Plus c’est gros plus ça passe : Richard qui a fait tuer son frère Clarence reproche implicitement au roi Edouard IV d’être responsable de sa mort. Il fait ainsi d’une pierre deux coups puisqu’Edouard IV, affaibli par la maladie meurt sous le poids de la culpabilité. Trump de son côté accuse Hillary d’avoir lancé le birther movement, d’avoir mené une campagne polarisée sur les insultes, …

Pour s’attirer des supporters, le would-be-tyran multiplie les promesses qu’il ne tient évidemment pas. Richard promet à Buckingham les terres de son frère mais se fâche quand Buckingham lui réclame son dû car il n’est pas dans le « mood ». Une fois Buckingham éliminé, il promet aussitôt à l’assassin de ce dernier qu’il va réaliser ses désirs. Trump excelle à ce jeu : nombreuses sont les histoires de fournisseurs qu’il n’a pas payés dans son business. Si Carly Fiorina, Chris Christie et autres Guiliani se sont ralliés à lui, peut être leur avait-il promis la place sur le ticket qu’il a finalement attribuée à Pence. On les entend moins depuis.

Enfin quand le mensonge ne suffit plus, la force et les menaces prennent le pas. Le tyran se méfie de tout le monde. Ceux qui ne le suivent pas sont des traîtres qu’il faut éliminer.
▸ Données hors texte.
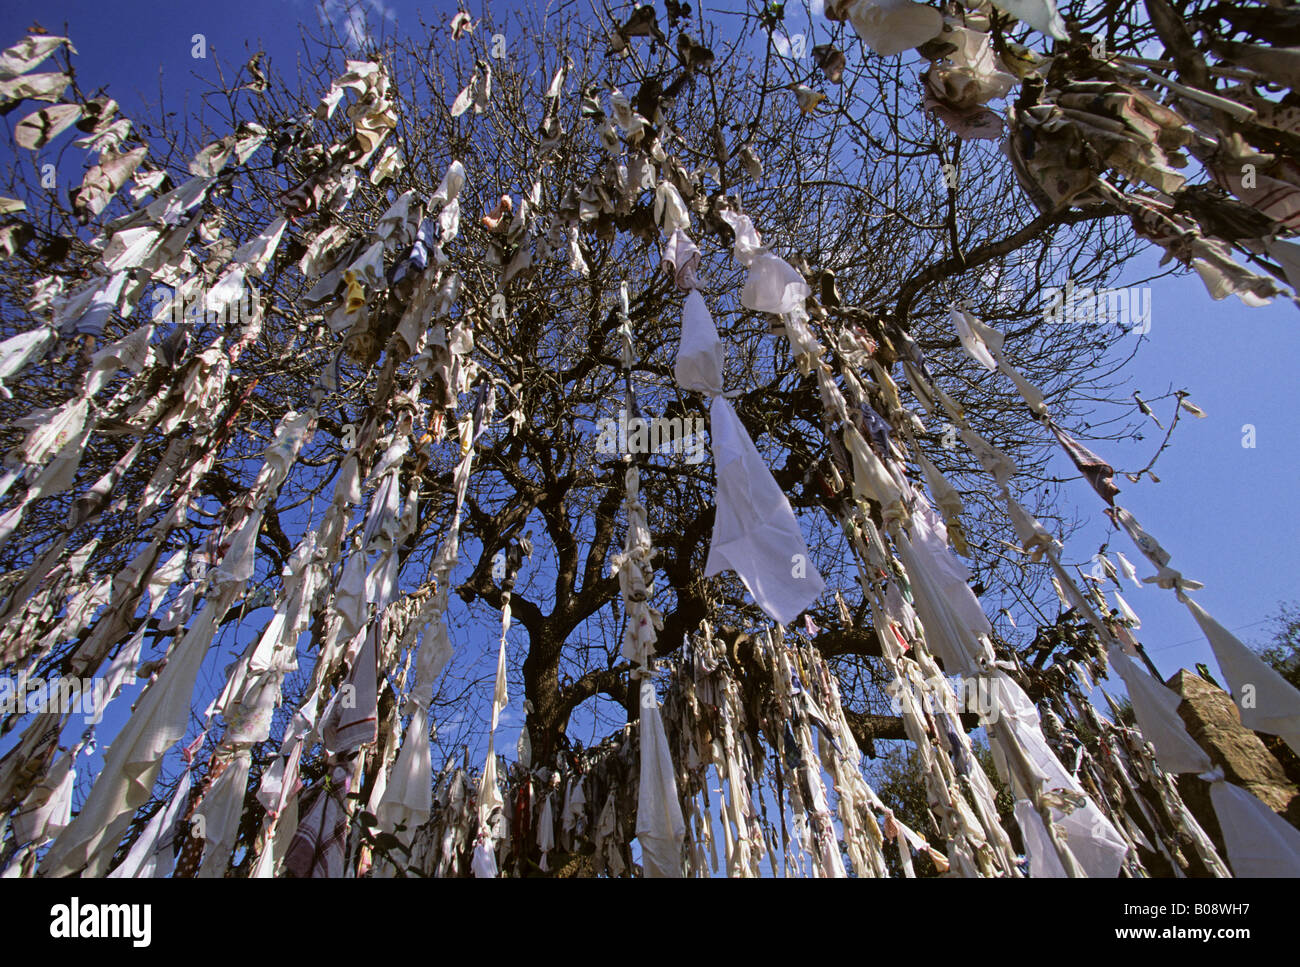 Weiße Tücher oder Taschentücher in Bändern gebunden und hängen von den  Bäumen in langen Strängen, Paphos, Zypern Stockfotografie - Alamy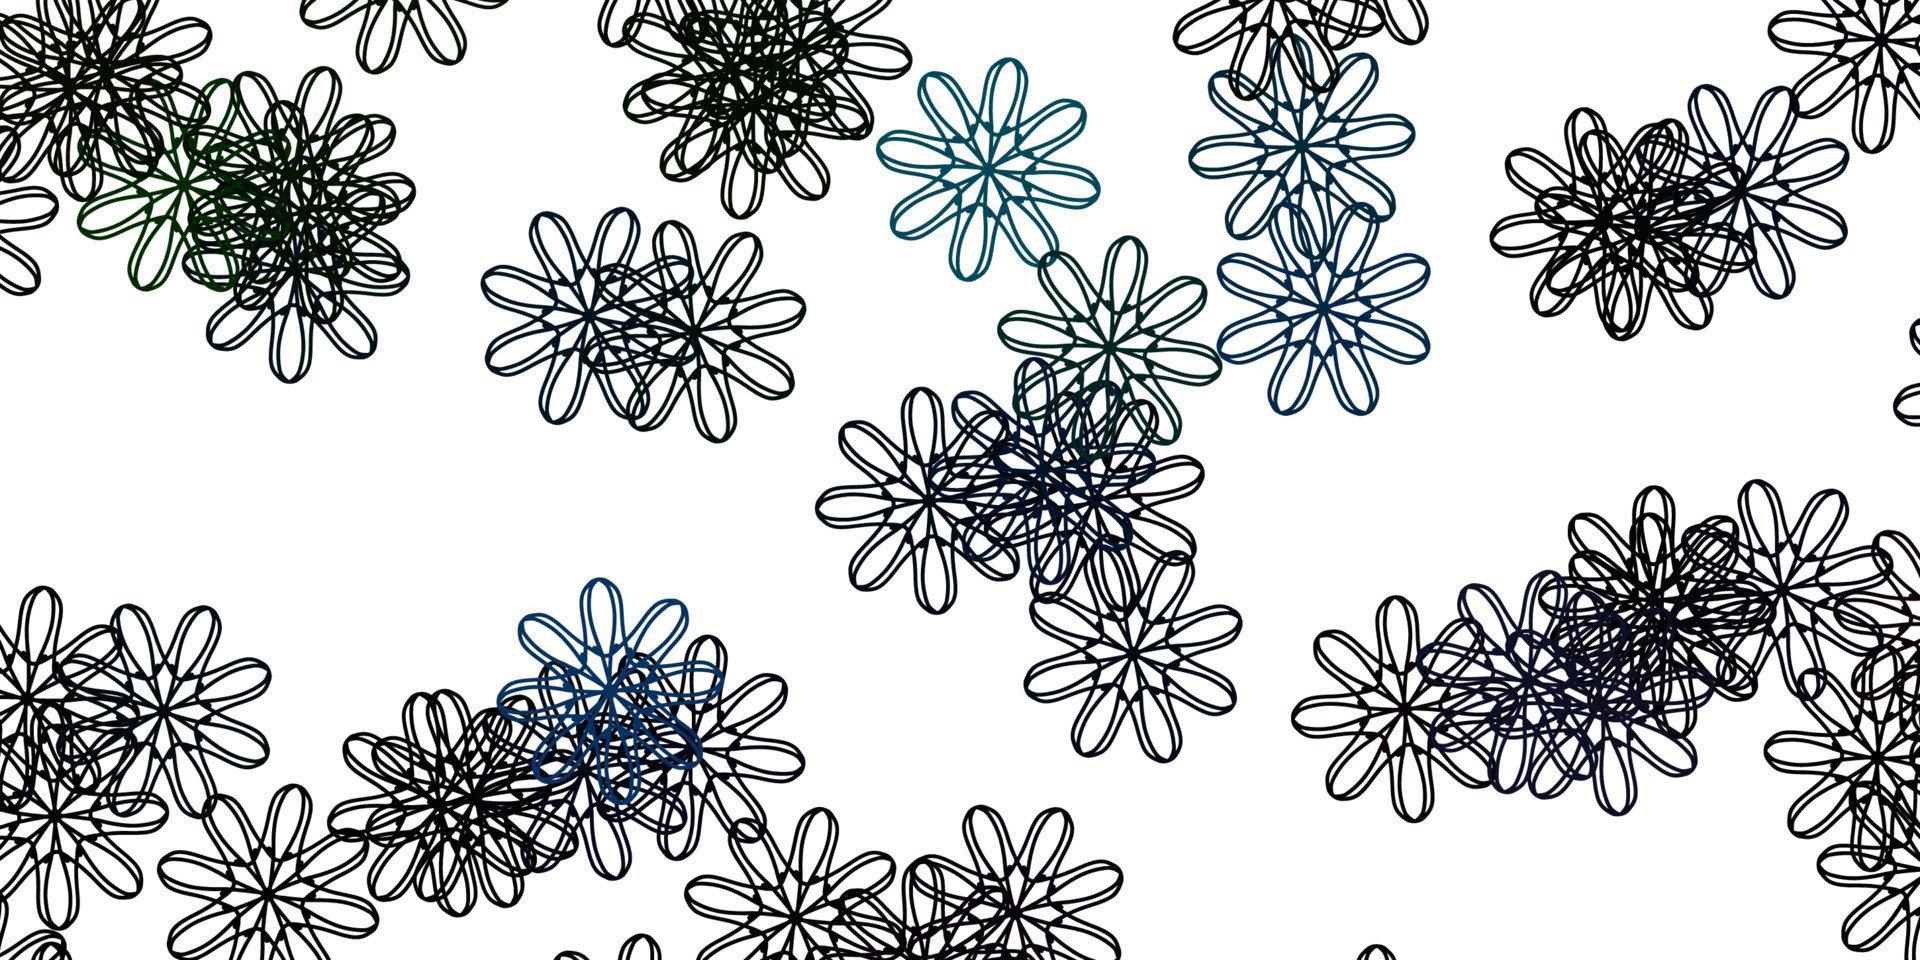 ljusblå, grön vektor doodle mall med blommor.

Richard est un expert en chantage, il kidnappe le fils de Lord Stanley pour le dissuader de rejoindre le camps adverse et il impose sous la menace à Elizabeth, veuve d’Edouard IV de lui donner sa fille en mariage sous peine de chaos général pour elle et le royaume : « Death, desolation, ruin and decay », rien que ça. Trump a menacé les sénateurs et députés qui ne le soutenaient pas des pires représailles. Il avait déjà menacé de venir accompagné de ses supporters armés à la convention du parti républicain afin de s’assurer que les délégués votent bien pour lui.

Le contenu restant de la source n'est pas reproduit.